Thursday, August 18, 2011

Howell v. Hamilton Meats (Cal. Supreme Ct. - August 18, 2011)

Here's something I haven't seen that often.

It's a unanimous opinion by the California Supreme Court.  Or, at least, the six regularly sitting justices of the California Supreme Court.  Justice Klein is sitting by designation from the 2/3.  She dissents.  Joined by no one from the regular Court.

I can understand why that happens.  After all, it's a significant case on the merits.  The question comes up all the time in personal injury cases:  When someone's injured, and his health insurance company pays the full bill and gets a negotiated discount, does the plaintiff get to recover just the amount paid or the full (undiscounted) amount?  So even though, in a less visible (or significant) case, a justice sitting by designation might simply sign onto an opinion joined by all the regular justices, you can see why Justice Klein departs from this usual practice.  Though why other justices might have done something different as well.

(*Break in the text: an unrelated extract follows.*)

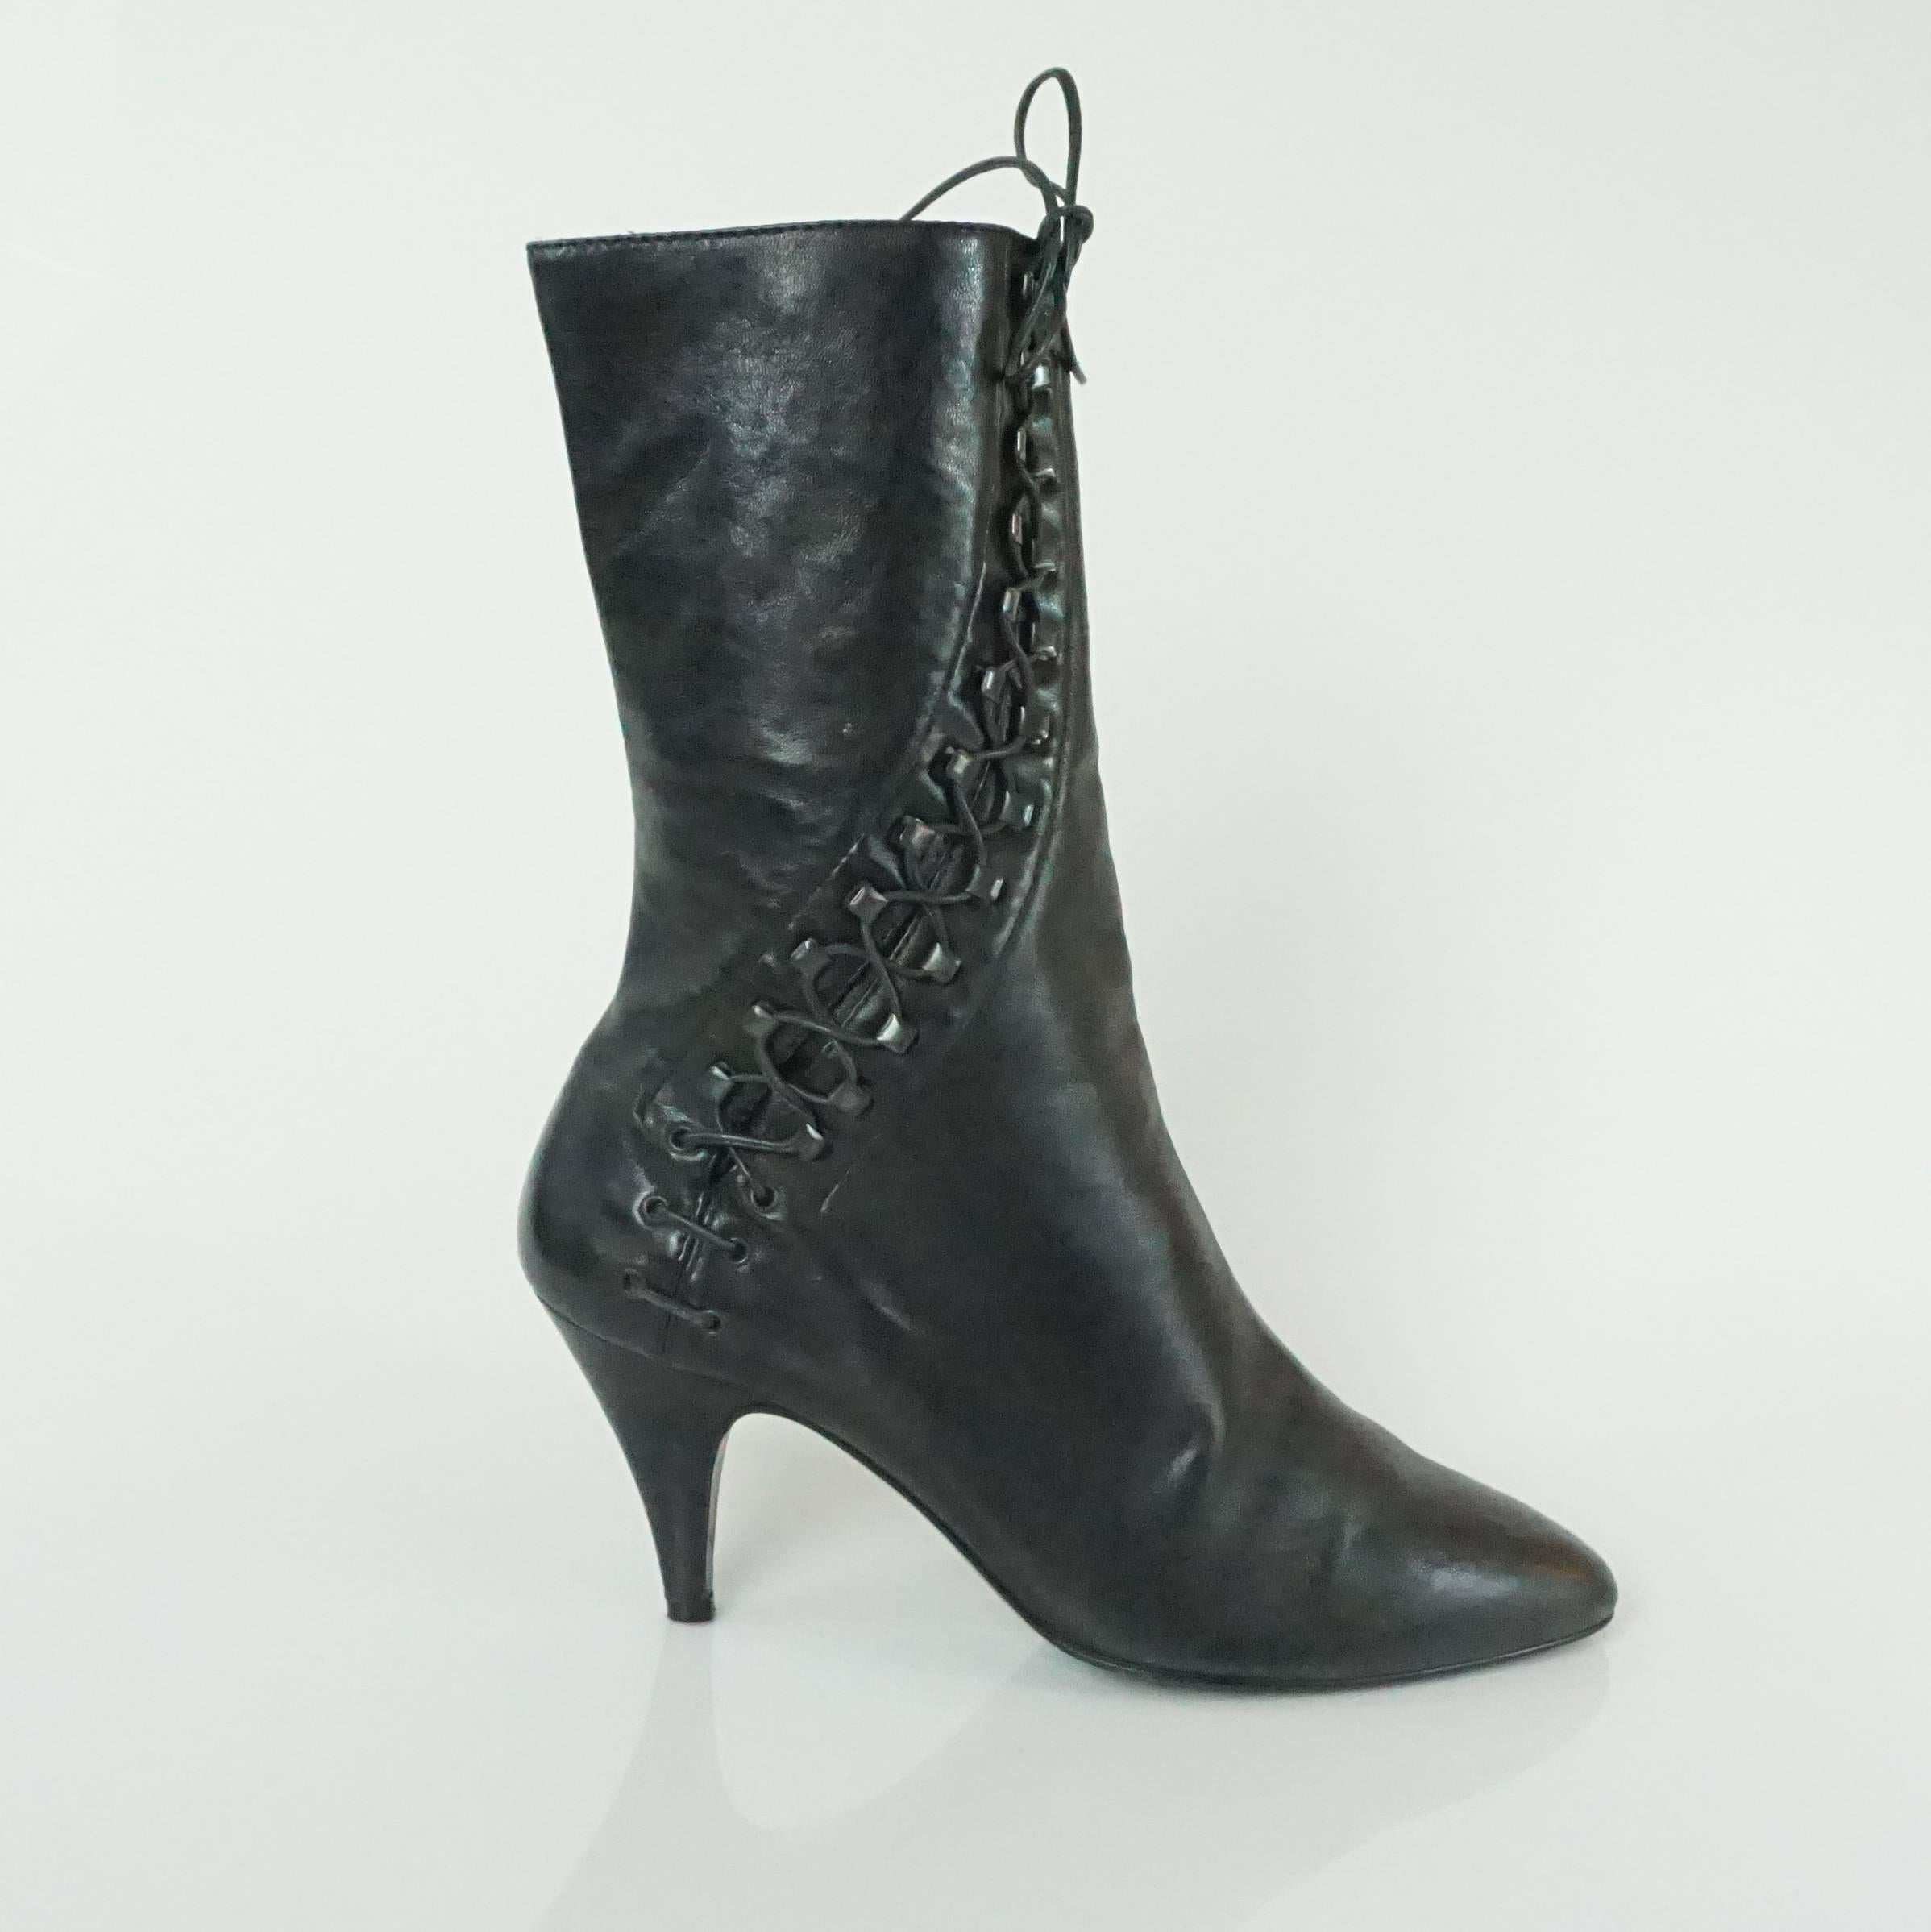 Azzedine Alaia Black Lambskin Boots with Lace-Up Sides - 37.5 - 1990's. These gorgeous boots are a hot find for fall. They are mid-calf length with black stud-like lace-up sides. They are in very good condition with light wear to the leather as

As for the merits, there are reasonable arguments both ways.  After all, the whole point of the collateral source rule is that the tortfeasor shouldn't benefit from the fact that the victim purchased insurance; that's why he still has to pay for the medical expenses even if the victim wasn't out of pocket.  On that same theory, the tortfeasor should pay the full amount.  That's Justice Klein's argument (in a nutshell).

But the Court holds that discounts are different; that it'd be a windfall for the victim to recover extra money just because his insurance company got a discount.  Which has a lot of sense behind it.

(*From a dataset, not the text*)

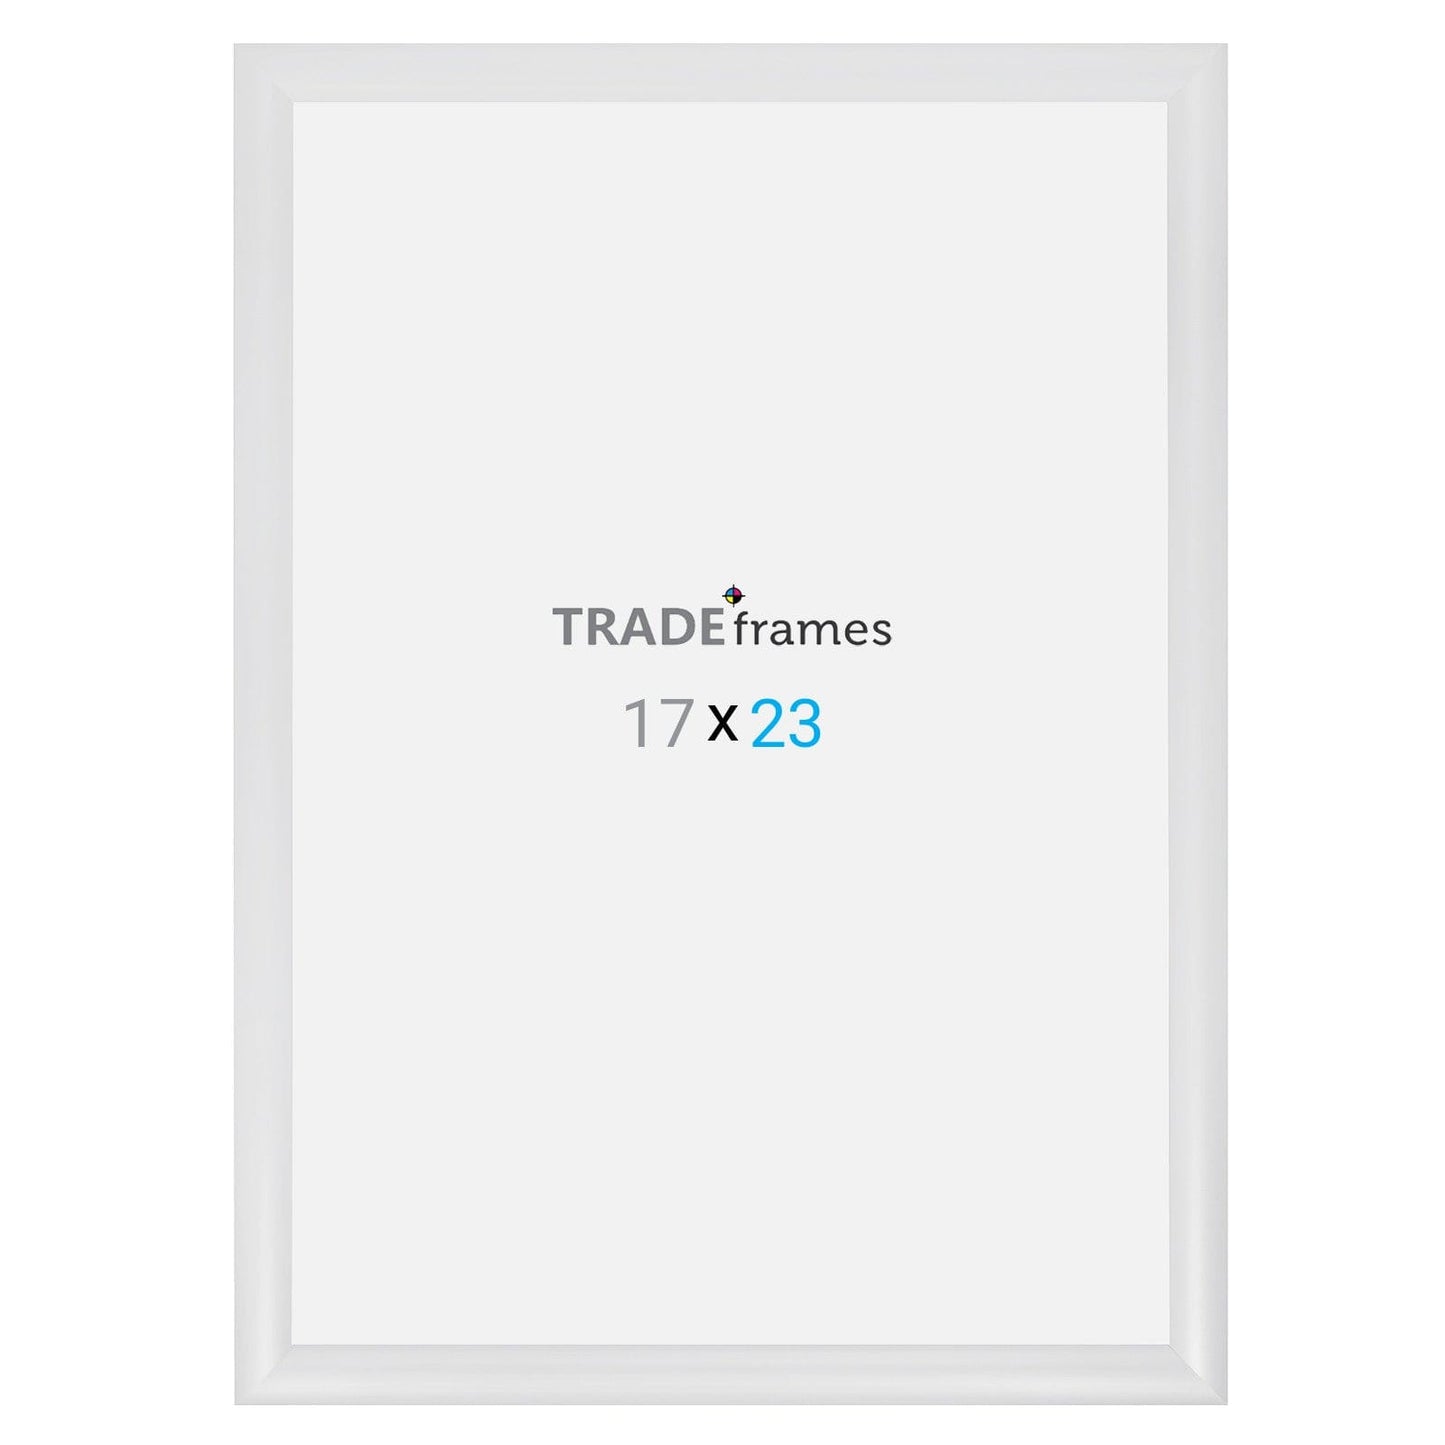 17x23 TRADEframe White Snap Frame 17x23 - 1.2 inch profile - Snap Frames Direct

Critical legal scholars might have an interesting take on the Court's holding, though.  Since it seems perfectly designed to protected vested interests -- e.g., making sure that the insurance company (which typically gets subrogation rights) gets fully reimbursed -- while simultaneously protecting other large entities (e.g., often, defendants liable for personal injuries, or their insurers) from incurring additional expense.  The loser?  The individual plaintiff.  The result's perfect for insurance companies, both on the medical side as well as on the liability side.  Whereas the result's far from perfect for the individual plaintiff himself.

That doesn't mean, of course, that the decision is wrong.  But if you're an academic, particularly with a certain take (e.g., a critical or legal realist), you definitely might use this holding as an example of a certain approach to the law.